While yesterday I focused on the fact that the Republican Party
is reeling, today - thanks to the latest outburst from
Glenn Beck - I'd like to remind everyone of something equally important: This is who they are. The face of Beck,
Ann Coulter,
George Allen and so many other right-wing bigots, misogynists and low-down assholes is the face of the Republican Party. The face and, to be sure, the heart and soul. Take a good look, America, because the smiling faces you see on the right belie a cold, dark interior far more accurate than outward appearances. And remember what you see, because obscuring the truth about themselves is the only thing keeping the Republican Party from being marginalized to permanent minority status at the far fringes of society.
When Beck
calls Hillary Clinton a "stereotypical bitch", he's speaking for the party. When Coulter
calls John Edwards a "faggot", she's speaking for the party. When Allen
calls a man of Indian descent "Macaca", he's speaking for the party. When Bill Donohue
says things like "The gay community has yet to apologize to straight people for all the damage that they have done," he's speaking for the party. When Bill O'Reilly
calls the victims of Hurricane Katrina "drug-addicted" and "thugs", he's speaking for the party. When Bill Bennett
says things like "you could abort every black baby in this country, and your crime rate would go down," he's speaking for the party. When Pat Robertson
calls for Hugo Chavez's assassination, he's speaking for the party. When Brit Hume's
first thoughts after the London terror attacks was "Hmmm, time to buy," he's speaking for the party. And when John Gibson
wishes those attacks on France, he's speaking for the party.
Get the picture?
Make no mistake, these are the comments of terrible, terrible people. But not just
any people.
Prominent conservatives. People held in high regard* and who have repeatedly been given a soapbox from which to spout their dangerous, hateful rhetoric. People given the tremendous opportunity to speak both to and for other people. You and I don't have the same opportunity, nor do we have the same platform. Our words don't appear on cable news, on nationally syndicated radio or in national newspapers. Theirs do. So the next time a mindless Republican asks a progressive to answer for the words of a seeming nobody, remember that the hate speech you're hearing from the right isn't coming from a corresponding seeming nobody. It's coming from people of prominence. Not people of character, mind you, but people of prominence. And people whose warped sentiments speak for millions of their fellow travelers.

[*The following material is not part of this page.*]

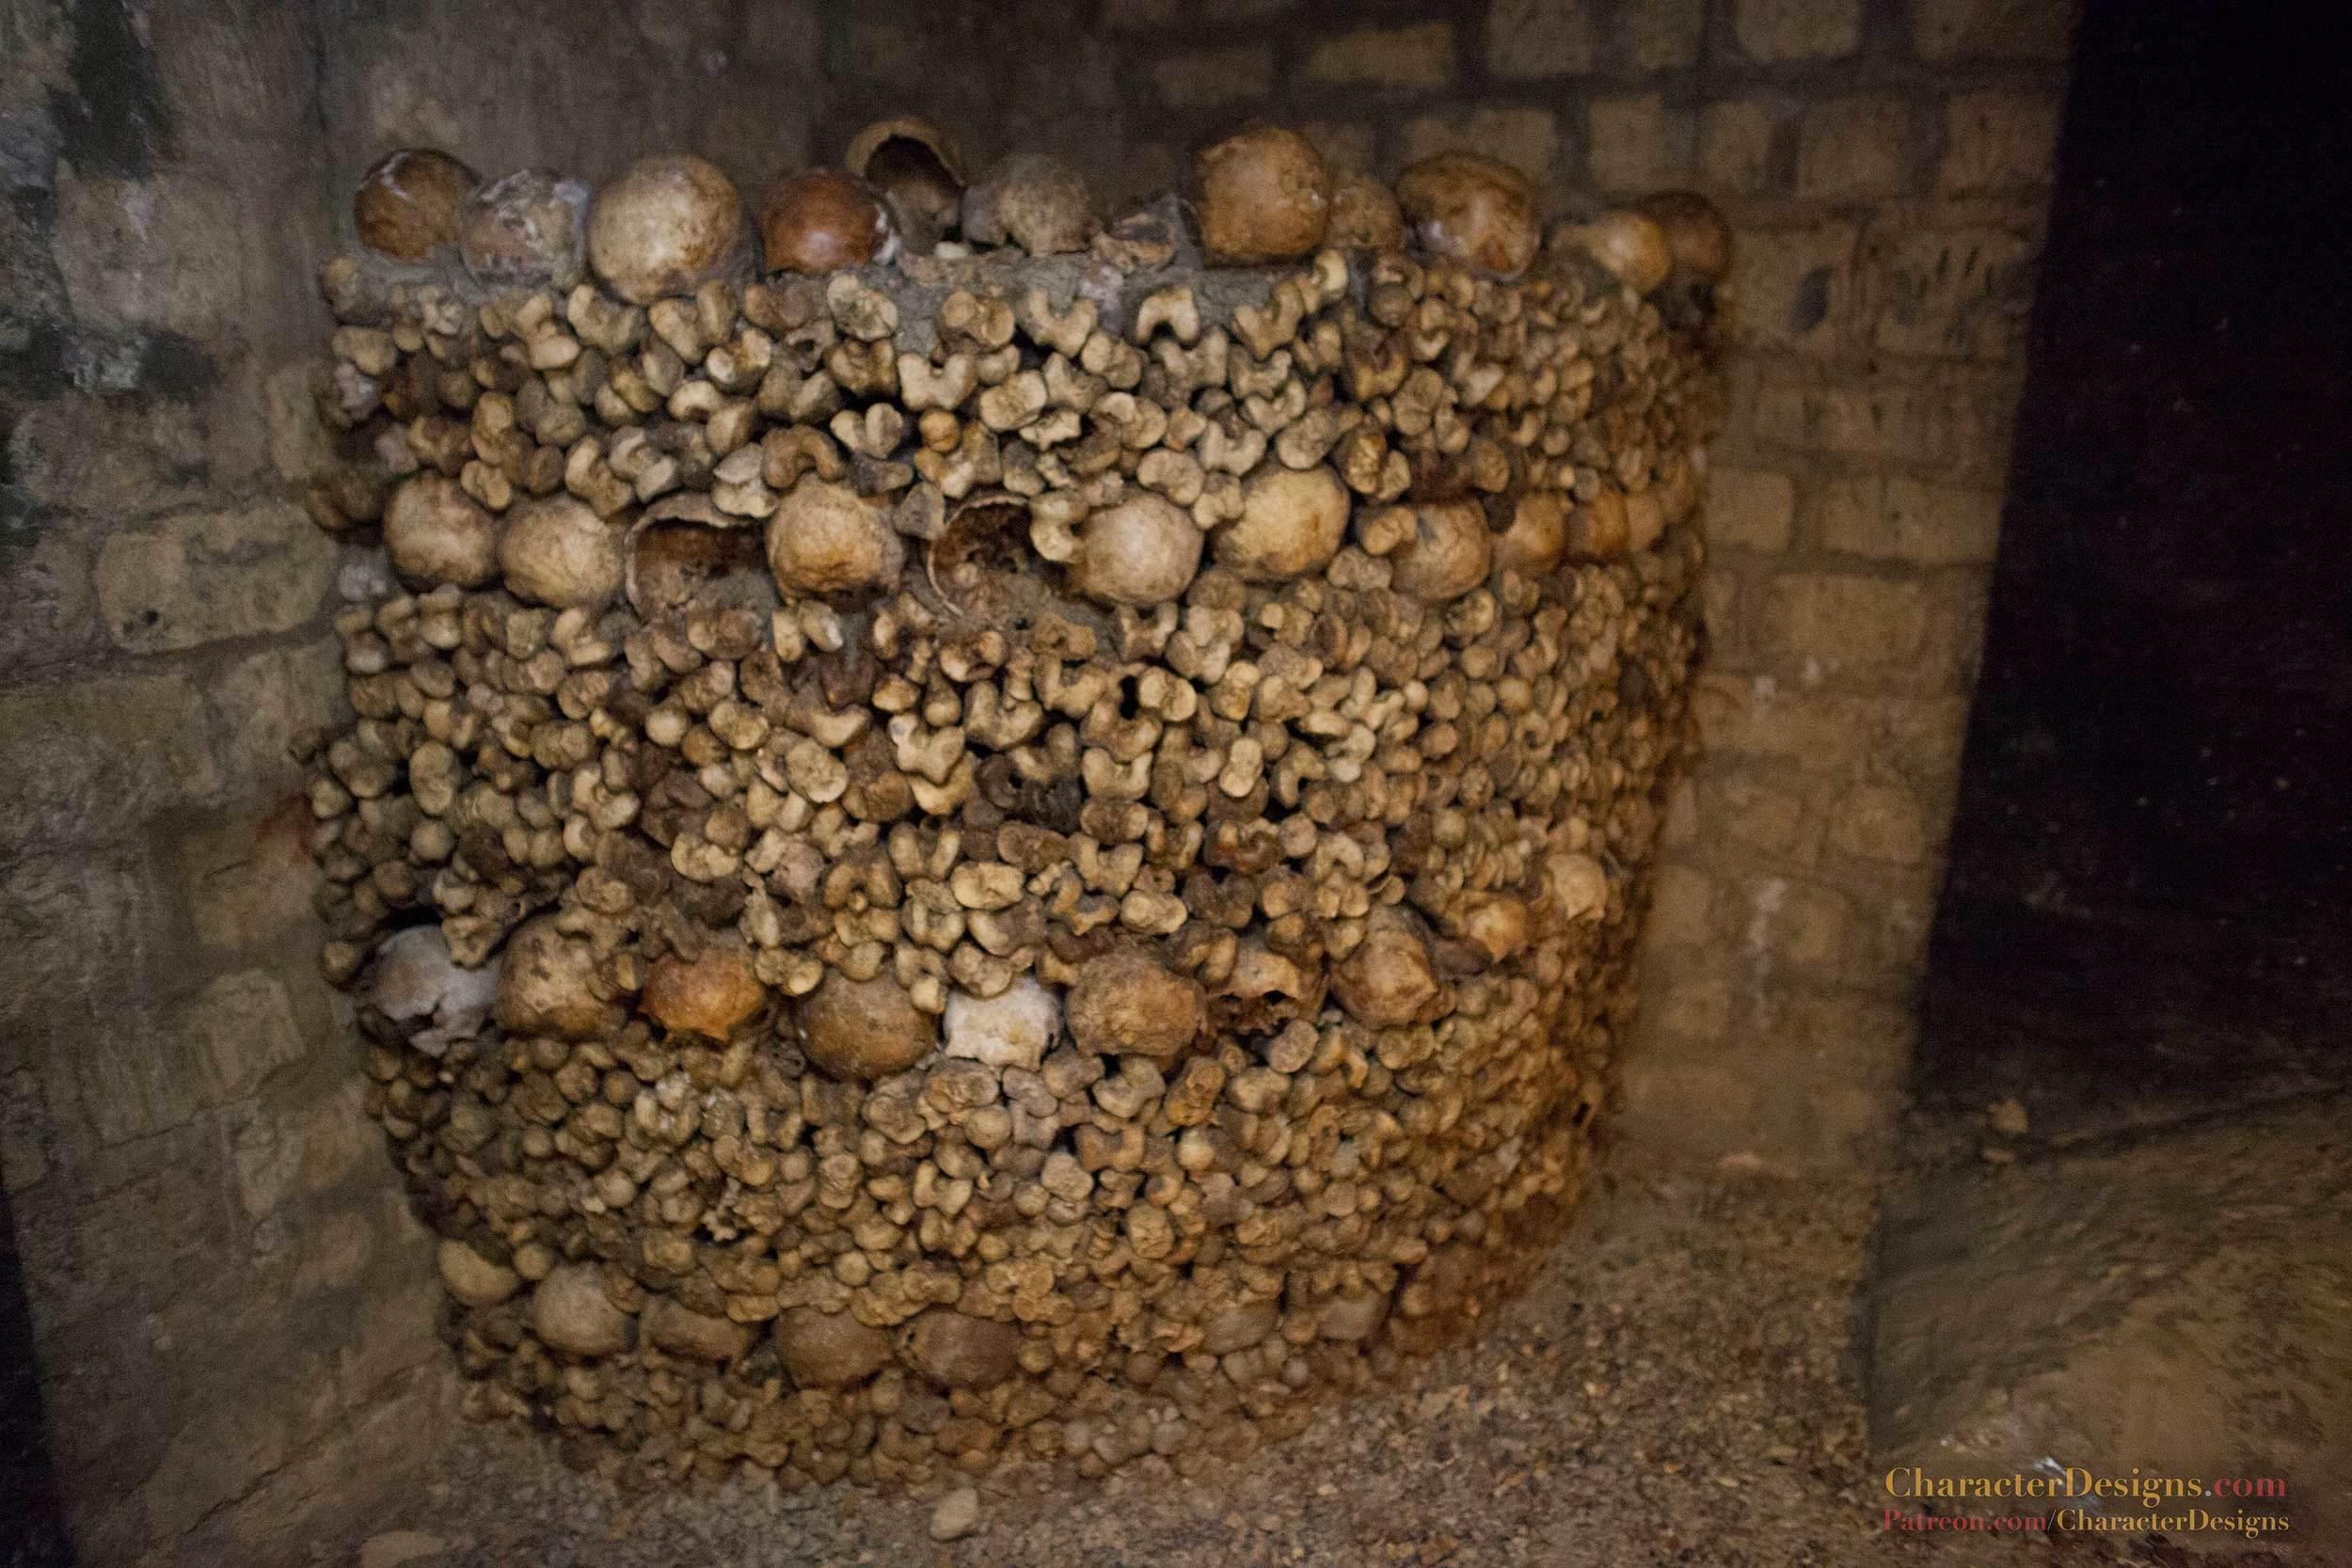 Catacombs_077.jpg

The truly sad thing about the Becks, Coulters and Allens of the world is that there's a little bit of each of them in every Republican. Every self-styled conservative caught defending their statements or, at the very least, looking the other way while they spew their bile is forgiving them for poisoning the debate. For cheapening it. For lowering the bar. For appealing to the lowest-common denominator. For pandering to the Republican base's very worst tendencies and beliefs. This is who they are: Self-styled
moral scolds with a bit of an asshole problem. It's not that they simply never practice what they preach. It's that their preaching is an overt effort to mask their inner depravity. For today's Republicans, the phrase "Don't judge a book by its cover" couldn't be truer. Only now, with the cover rapidly deteriorating, the book itself is there for everyone to see.
* Not by me. I think they're all worthless assholes.